* _Task item_: The expected answer is the set of lines in the data below between the line holding "White Closed Toe" and the line holding "Shatner who plays", inclusive, written out exactly.

START Information shown

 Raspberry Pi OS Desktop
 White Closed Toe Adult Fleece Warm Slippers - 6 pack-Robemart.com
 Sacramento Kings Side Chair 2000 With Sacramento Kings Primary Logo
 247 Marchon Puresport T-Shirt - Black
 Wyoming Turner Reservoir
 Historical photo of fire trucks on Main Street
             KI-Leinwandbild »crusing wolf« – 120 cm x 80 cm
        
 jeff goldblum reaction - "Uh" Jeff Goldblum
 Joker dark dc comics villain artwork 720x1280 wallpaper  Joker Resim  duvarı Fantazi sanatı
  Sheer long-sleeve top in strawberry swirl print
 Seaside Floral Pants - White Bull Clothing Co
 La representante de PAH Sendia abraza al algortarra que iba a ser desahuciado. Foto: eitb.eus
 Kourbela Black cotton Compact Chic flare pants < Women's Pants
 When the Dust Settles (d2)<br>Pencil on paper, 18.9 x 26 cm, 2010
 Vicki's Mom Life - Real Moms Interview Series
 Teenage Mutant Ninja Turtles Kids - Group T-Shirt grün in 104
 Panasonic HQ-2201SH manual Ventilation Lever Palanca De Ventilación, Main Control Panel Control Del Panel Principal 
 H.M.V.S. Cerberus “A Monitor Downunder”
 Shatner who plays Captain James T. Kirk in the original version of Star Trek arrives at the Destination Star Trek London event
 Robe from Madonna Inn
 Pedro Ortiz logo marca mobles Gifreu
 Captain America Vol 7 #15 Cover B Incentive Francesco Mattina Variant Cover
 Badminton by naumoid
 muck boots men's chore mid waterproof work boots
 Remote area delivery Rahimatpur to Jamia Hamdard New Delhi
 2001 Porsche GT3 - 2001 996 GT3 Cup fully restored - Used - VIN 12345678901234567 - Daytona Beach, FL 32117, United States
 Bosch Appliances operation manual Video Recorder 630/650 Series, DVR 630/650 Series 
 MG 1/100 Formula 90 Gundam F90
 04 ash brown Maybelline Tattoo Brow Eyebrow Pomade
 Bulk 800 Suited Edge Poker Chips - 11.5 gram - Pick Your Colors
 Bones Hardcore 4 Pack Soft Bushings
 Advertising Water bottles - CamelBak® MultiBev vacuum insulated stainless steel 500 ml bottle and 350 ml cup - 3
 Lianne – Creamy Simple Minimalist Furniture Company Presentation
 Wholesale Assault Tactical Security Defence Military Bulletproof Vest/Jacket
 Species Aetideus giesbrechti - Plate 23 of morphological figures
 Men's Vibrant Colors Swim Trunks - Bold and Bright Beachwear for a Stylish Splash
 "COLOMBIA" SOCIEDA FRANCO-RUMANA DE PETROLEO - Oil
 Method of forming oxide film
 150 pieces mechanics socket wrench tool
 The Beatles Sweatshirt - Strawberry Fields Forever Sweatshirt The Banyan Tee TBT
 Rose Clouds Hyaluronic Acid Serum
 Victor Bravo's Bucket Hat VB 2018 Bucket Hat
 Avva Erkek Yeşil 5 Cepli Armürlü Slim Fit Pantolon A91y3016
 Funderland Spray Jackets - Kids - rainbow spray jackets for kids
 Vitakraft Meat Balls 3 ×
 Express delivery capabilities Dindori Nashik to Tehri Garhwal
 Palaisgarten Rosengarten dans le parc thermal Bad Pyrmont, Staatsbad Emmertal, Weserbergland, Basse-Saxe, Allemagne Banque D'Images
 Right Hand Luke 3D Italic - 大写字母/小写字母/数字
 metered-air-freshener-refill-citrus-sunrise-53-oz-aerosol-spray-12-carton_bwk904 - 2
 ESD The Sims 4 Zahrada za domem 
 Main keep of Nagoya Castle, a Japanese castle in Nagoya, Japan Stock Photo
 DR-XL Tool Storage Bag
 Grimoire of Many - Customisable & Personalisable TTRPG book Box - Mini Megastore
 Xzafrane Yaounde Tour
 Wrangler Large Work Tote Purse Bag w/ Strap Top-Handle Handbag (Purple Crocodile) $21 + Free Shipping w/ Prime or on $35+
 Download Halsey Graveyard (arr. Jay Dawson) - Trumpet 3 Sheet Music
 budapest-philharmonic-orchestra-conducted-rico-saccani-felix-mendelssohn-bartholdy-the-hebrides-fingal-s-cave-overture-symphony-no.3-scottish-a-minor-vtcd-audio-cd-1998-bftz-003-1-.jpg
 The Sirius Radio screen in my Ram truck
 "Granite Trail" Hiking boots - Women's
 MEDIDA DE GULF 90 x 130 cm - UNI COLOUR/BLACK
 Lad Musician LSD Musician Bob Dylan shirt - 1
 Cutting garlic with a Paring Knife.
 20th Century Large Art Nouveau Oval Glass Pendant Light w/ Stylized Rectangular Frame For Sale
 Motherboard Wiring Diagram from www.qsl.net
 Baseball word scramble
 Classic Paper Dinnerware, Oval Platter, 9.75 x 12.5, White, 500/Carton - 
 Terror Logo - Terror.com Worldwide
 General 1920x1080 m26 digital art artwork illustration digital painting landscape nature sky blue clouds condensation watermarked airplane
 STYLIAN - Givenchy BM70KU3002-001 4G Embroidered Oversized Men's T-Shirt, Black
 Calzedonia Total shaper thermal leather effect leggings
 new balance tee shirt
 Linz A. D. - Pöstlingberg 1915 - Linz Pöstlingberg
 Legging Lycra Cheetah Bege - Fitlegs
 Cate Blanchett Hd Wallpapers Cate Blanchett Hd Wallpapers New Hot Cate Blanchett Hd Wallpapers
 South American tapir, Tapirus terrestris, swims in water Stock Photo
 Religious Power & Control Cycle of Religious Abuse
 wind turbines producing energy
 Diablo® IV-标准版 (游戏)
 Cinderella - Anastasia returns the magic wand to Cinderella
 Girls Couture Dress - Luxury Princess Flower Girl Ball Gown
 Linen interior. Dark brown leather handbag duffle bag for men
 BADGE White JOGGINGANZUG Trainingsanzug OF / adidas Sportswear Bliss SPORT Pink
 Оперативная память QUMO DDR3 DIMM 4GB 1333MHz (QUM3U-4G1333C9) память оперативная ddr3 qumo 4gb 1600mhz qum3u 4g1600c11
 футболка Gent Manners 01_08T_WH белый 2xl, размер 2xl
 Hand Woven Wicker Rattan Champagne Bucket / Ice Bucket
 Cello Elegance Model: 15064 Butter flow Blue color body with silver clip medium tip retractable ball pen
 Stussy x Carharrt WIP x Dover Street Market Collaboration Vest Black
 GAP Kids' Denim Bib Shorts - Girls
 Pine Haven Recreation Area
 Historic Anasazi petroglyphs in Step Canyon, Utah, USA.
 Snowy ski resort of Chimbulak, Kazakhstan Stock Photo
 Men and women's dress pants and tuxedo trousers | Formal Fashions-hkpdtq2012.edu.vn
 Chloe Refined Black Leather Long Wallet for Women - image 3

END Information shown

* _Result of the task_:
 White Closed Toe Adult Fleece Warm Slippers - 6 pack-Robemart.com
 Sacramento Kings Side Chair 2000 With Sacramento Kings Primary Logo
 247 Marchon Puresport T-Shirt - Black
 Wyoming Turner Reservoir
 Historical photo of fire trucks on Main Street
             KI-Leinwandbild »crusing wolf« – 120 cm x 80 cm
        
 jeff goldblum reaction - "Uh" Jeff Goldblum
 Joker dark dc comics villain artwork 720x1280 wallpaper  Joker Resim  duvarı Fantazi sanatı
  Sheer long-sleeve top in strawberry swirl print
 Seaside Floral Pants - White Bull Clothing Co
 La representante de PAH Sendia abraza al algortarra que iba a ser desahuciado. Foto: eitb.eus
 Kourbela Black cotton Compact Chic flare pants < Women's Pants
 When the Dust Settles (d2)<br>Pencil on paper, 18.9 x 26 cm, 2010
 Vicki's Mom Life - Real Moms Interview Series
 Teenage Mutant Ninja Turtles Kids - Group T-Shirt grün in 104
 Panasonic HQ-2201SH manual Ventilation Lever Palanca De Ventilación, Main Control Panel Control Del Panel Principal 
 H.M.V.S. Cerberus “A Monitor Downunder”
 Shatner who plays Captain James T. Kirk in the original version of Star Trek arrives at the Destination Star Trek London event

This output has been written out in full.